With "It Goes Like This" becoming his break-out hit, it was only natural for Thomas Rhett to title his debut album the same thing. Does the rest of the album live up to the bar raised by his break-out hit? Let's find out!

An interesting thing has happened on Thomas Rhett’s path to country music stardom. He didn’t immediately break-out. Still just 23, Thomas Rhett proved that the third time’s the charm with “It Goes Like This” hitting the #1 spot on the charts and selling a million tracks (or soon to be at the time of this album review’s writing). The song became the title track for Thomas Rhett’s debut album.  The album still features the first two singles (both Top 20 hits) with “Something To Do With My Hands” and “Beer With Jesus.” The former was released in 2011 while the latter was a single in 2012 and found the singer gaining some critical acclaim but getting brushback from conservative markets who said ‘how dare you’ while completely missing the point of the message in the song. Half of the album was produced by Jay Joyce while Luke Laird and Michael Knox both handled production duties on the other six songs (3 each). 

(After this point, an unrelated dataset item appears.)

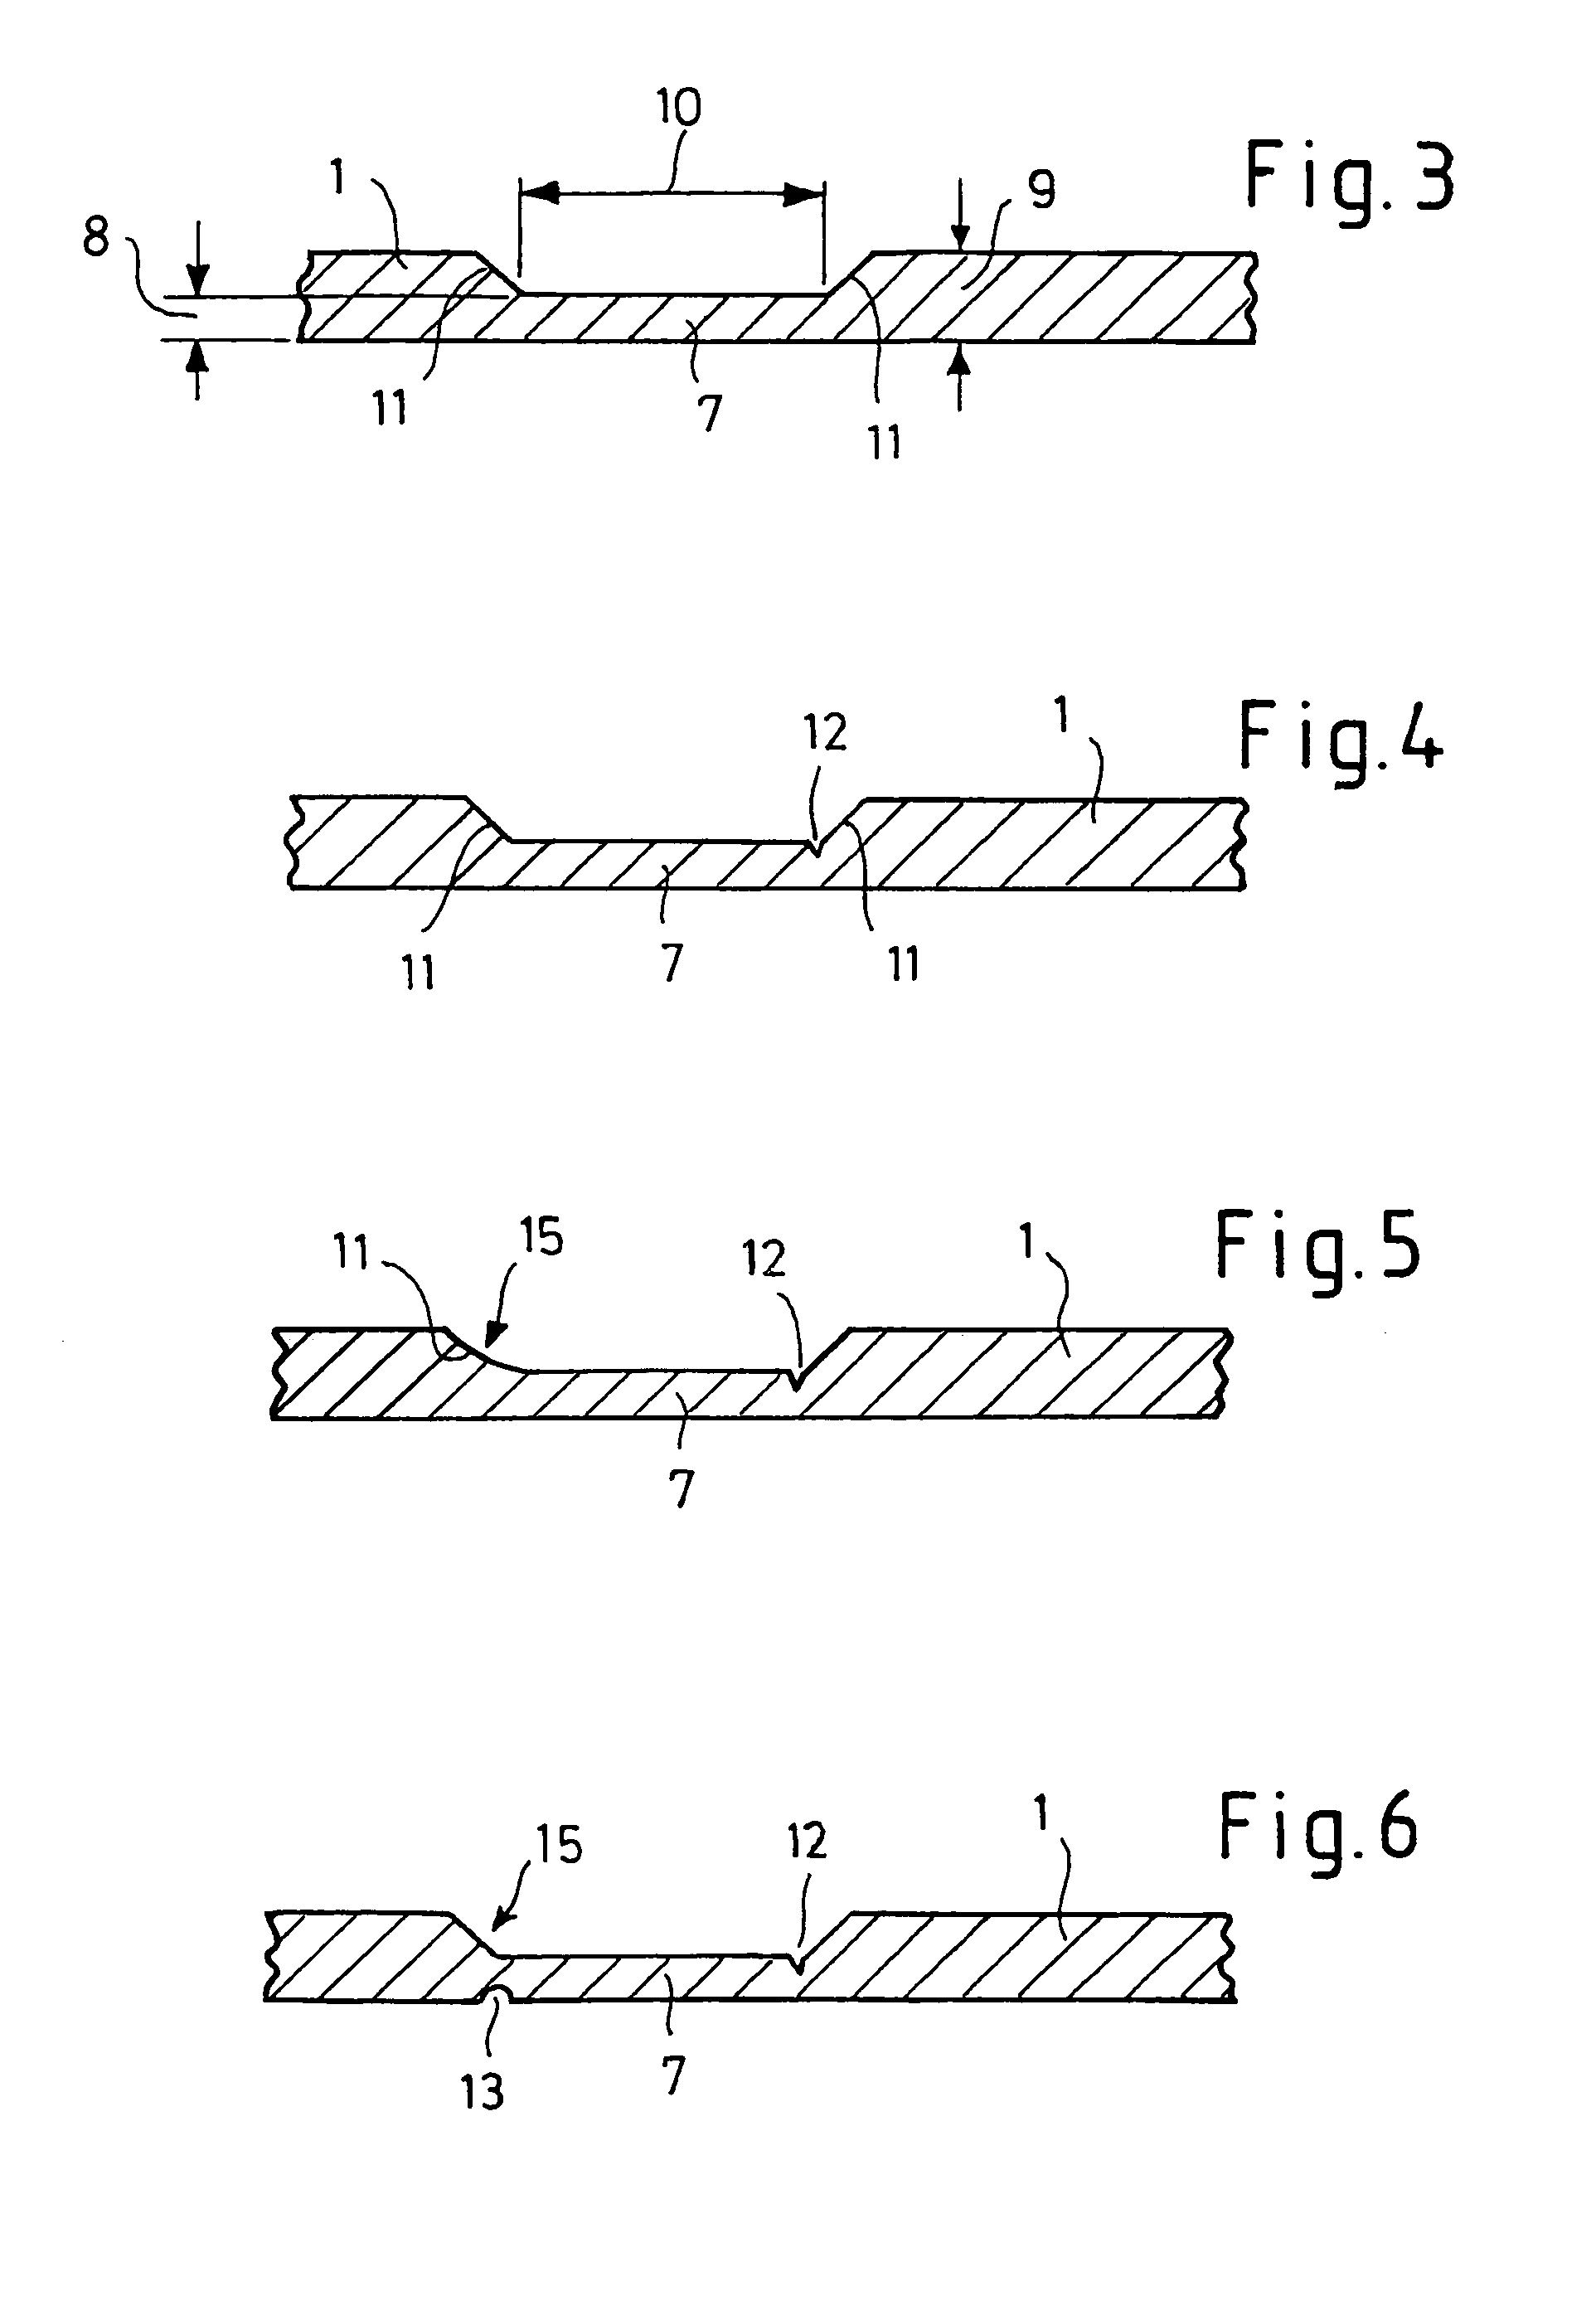 Pyromechanical separating device with a specially shaped current conductor rail

Laird’s productions are “Get Me Some Of That,” “Call Me Up,” and “Sorry For Partyin’” and these tunes all showcase the youthful hook-filled side of Thomas Rhett’s music. Each of them could be radio hits with “Get Me Some Of That” and “Call Me Up” showing off Thomas Rhett’s strong voice in places while allowing the groove to shine in other places. “Sorry For Partyin’” is a great, blues-filled pre-emptive ‘sorry letter’ sent out to neighbors and other folks for the stuff that is about/has gone down. It’s perhaps the most clever song on the record and while I think it’d be a huge radio hit and has potential for being a defining moment at a concert and to be recorded by many people down the line, I don’t know if it’ll ever be sent to radio.

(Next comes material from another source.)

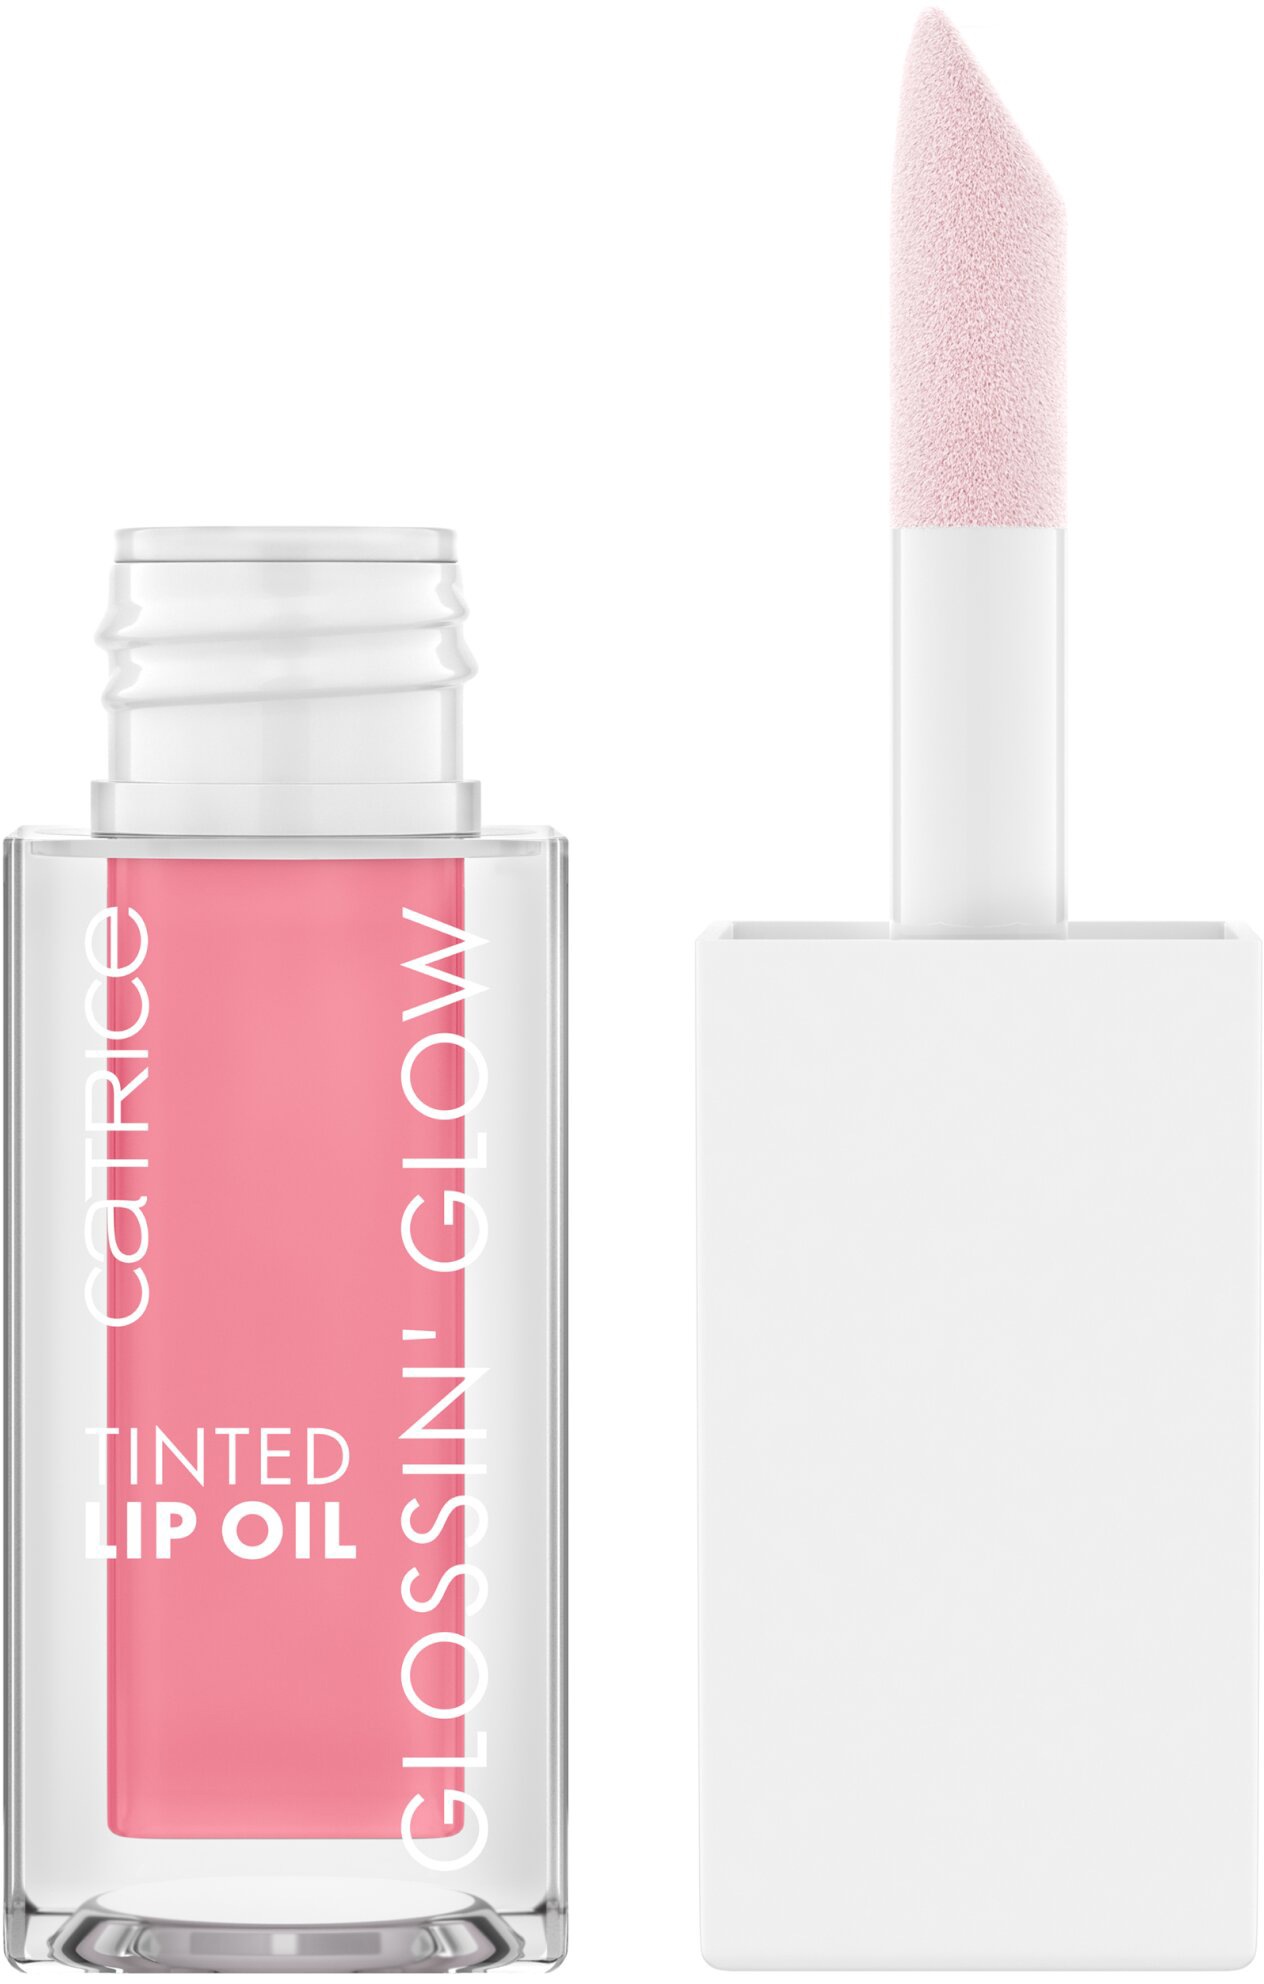 Catrice Lipgloss »Glossin' Glow Tinted Lip Oil...

The Michael Knox-produced tracks include the title track and it’s the first time Knox has had one of his artists not named Jason Aldean hit #1 with a song he produced. Listening to “It Goes Like This,” it’s easy to see why. It’s rock-filled, hooky groove backs up Thomas Rhett’s sturdy vocals while “In A Minute” and “Take You Home” both feel like radio-ready hits, particularly “In A Minute” a song Thomas Rhett co-wrote with his dad and Ashley Gorley. It’s like “It Goes Like This” in how it it is a hit and like other stuff on the radio but doesn’t sound like a ‘me too’ record, which is something that “Take You Home” might have a bit too much of (it’s the only song on the record to not be written by either Thomas Rhett or Rhett Akins). 

Other standouts from the rest of the record include “Front Porch Junkies,” a Beck-like kind of spoken-verse song. It is another one which could be a big hit on radio but who knows if they’re ready to have such a kind of ‘polarizing’ song released to radio after the experience Thomas Rhett had with “Beer With Jesus.” For six songs produced by Jay Joyce (who is always inventive and creative with his production techniques, only “All-American Middle Class White Boy” feels like a Jay Joyce produced song. It’s musically interesting likely makes for an interesting radio track.

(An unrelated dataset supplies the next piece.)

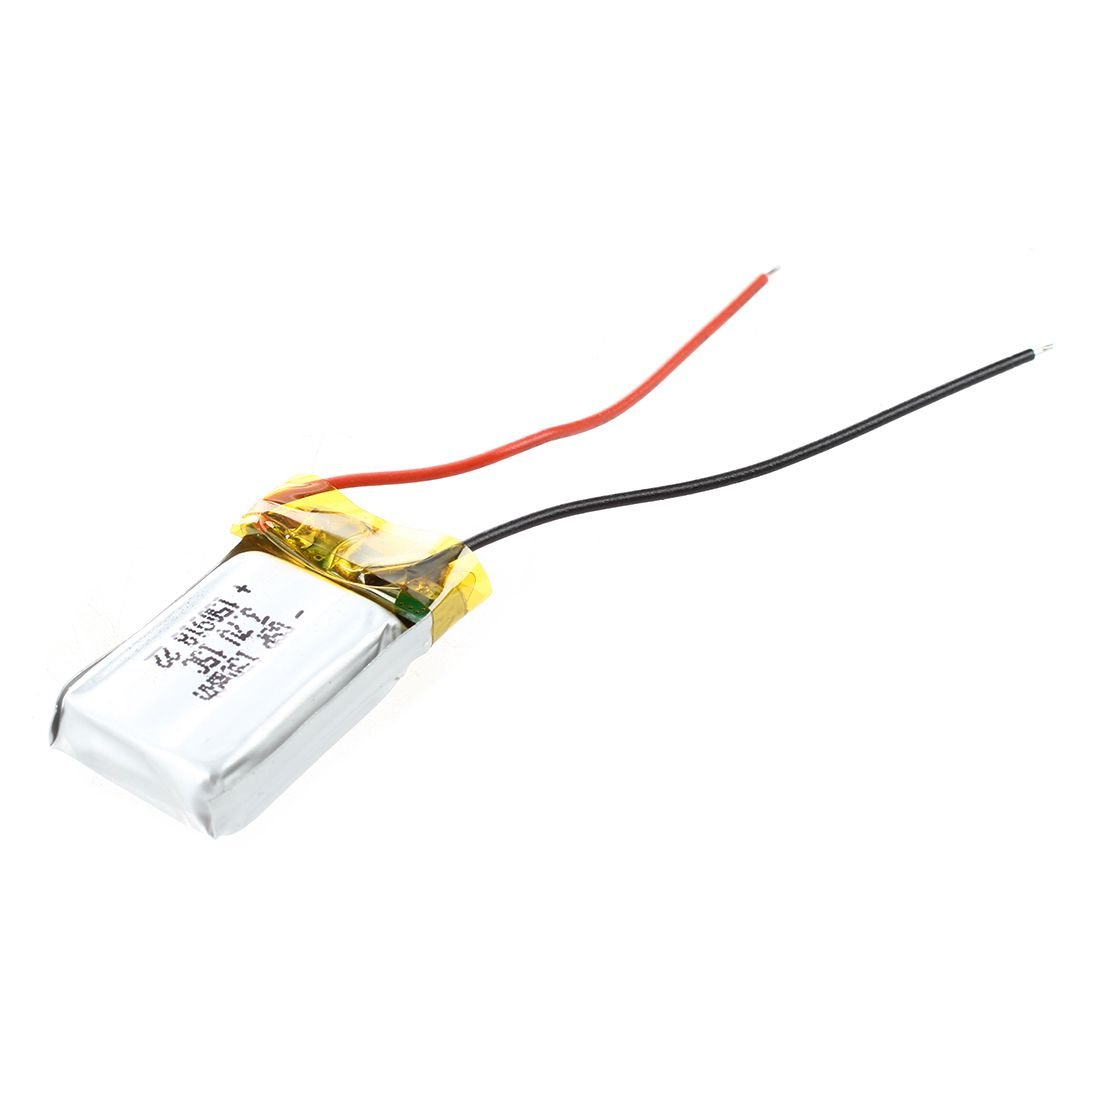 Batterie Lithium Ion Polymere - 3.7v 150mAh

There’s plenty on It Goes Like This to suggest that Thomas Rhett has the talent to be a top-line star but it’ll just be if radio’s ready to allow him to be the star his own father was destined to be (and eventually became as a songwriter of multiple hits). Either way, Thomas Rhett’s got himself a very good, musically diverse debut album, an album which should find some sort of an audience.